Under-wing yellow colouration is slightly more dilute in youngsters and the borders of yellow not as defined as in adults. Chicks are shy when first fledged and sit motionless, almost crouched on the perch, until you approach beyond a certain distance when they suddenly dash off the perch and crash about the aviary in panic until they settle down. Calm, captive-bred adults reassure their chicks and this skittish behavior usually disappears within a few weeks. Wild-caught birds take much longer to settle into captivity and their chicks stay wilder for much longer as well. Wild-caught parents tend to alarm-call to their family more often (at the slightest sign of approaching danger e.g. keeper) and this seems to unsettle the entire family. The hen normally double clutches after the chicks have been out the nest for a month or so but this can depend on the individual pair. The second clutch may be accidentally damaged by the first brood entering the nest to join the incubating female. If the chicks are removed from the aviary as soon as they are weaned (approx. 2 weeks after fledging) then the pair recycles faster. Ideally they should be placed in an adjacent aviary for as long as possible. This improves their breeding potential with them learning the ropes through watching the folks getting leg-over next door. Juveniles that have not been afforded this inadvertent first-hand parental-guidance opportunity, still do breed but just take a bit longer to learn the ropes on their own, invariably get things a bit arse-about-face to begin with!

The species is sociable outside of the breeding season and can be kept in a colony situation in a large aviary without problems. Juveniles can also be kept in groups and this is highly advisable in terms of them learning all the behavioral tricks through this type of interaction. They are curious, playful and intelligent and get up to all manner of delightful mischief. They approach new objects in their aviary cautiously and suspiciously but soon inspect, initially with extended tongue and then by clamping the object in one foot and chewing on it. Fresh branches with buds are relished and objects like pinecones and sugar cane stems are chewed to bits. Some individuals may be more dominant and signs of plucking are usually an indication that the plucked birds are being harassed and the keeper must intervene at this point and separate the culprits from the group for a while.

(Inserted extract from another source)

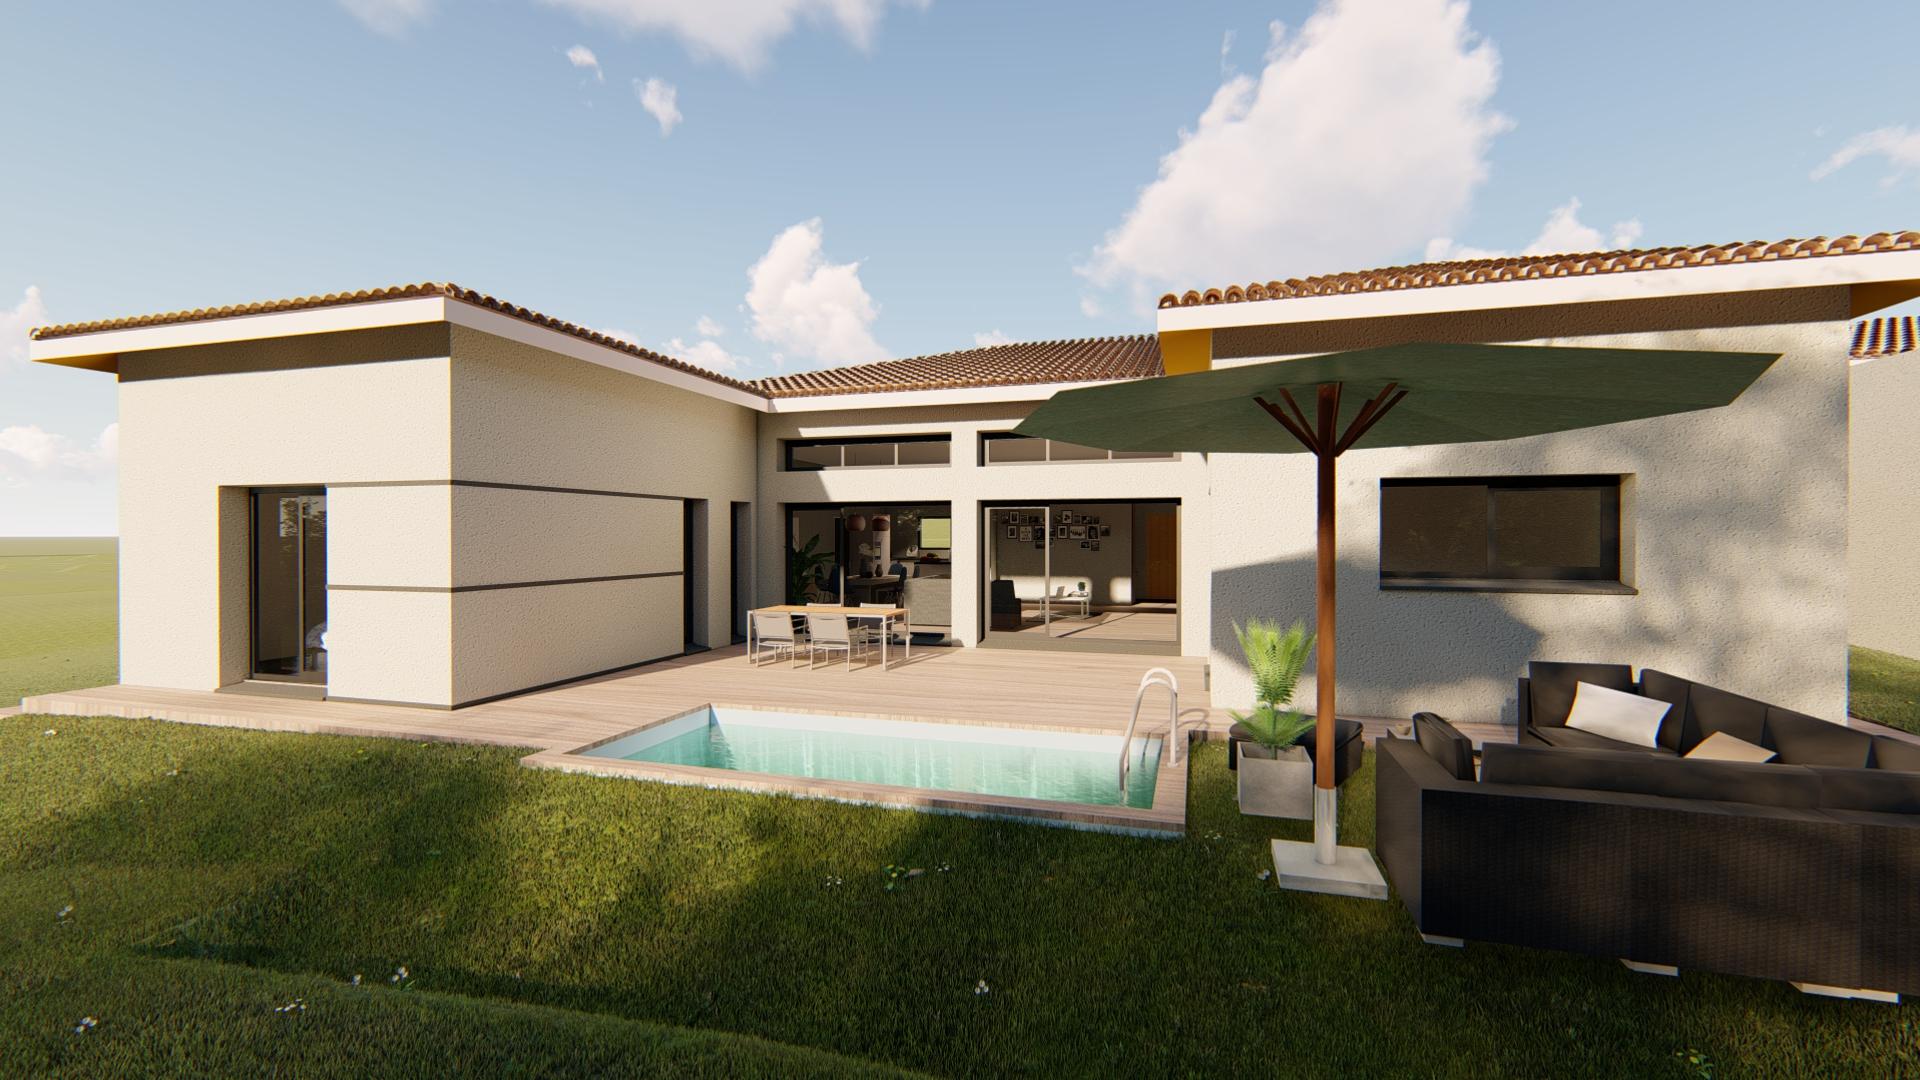 Maisons + Terrains du constructeur VILLAS SUD CREATION • 164 m² • FRONTON

Breeding flights at Amazona Farm have always been of the suspended variety measuring 1.2m x 1.2m x 1.8m as with all the other small Poicephalus. I would however house them in 2,4m long flights if I were to build new aviaries. Food and water bowls are placed on the same side of the aviary as the nest but away in the other corner so as not to be fouled by droppings or nest material. Food and water is offered in round stainless steel bowls (23cm diameter x 4 cm deep) and the birds enjoy bathing in the fresh water in the mornings.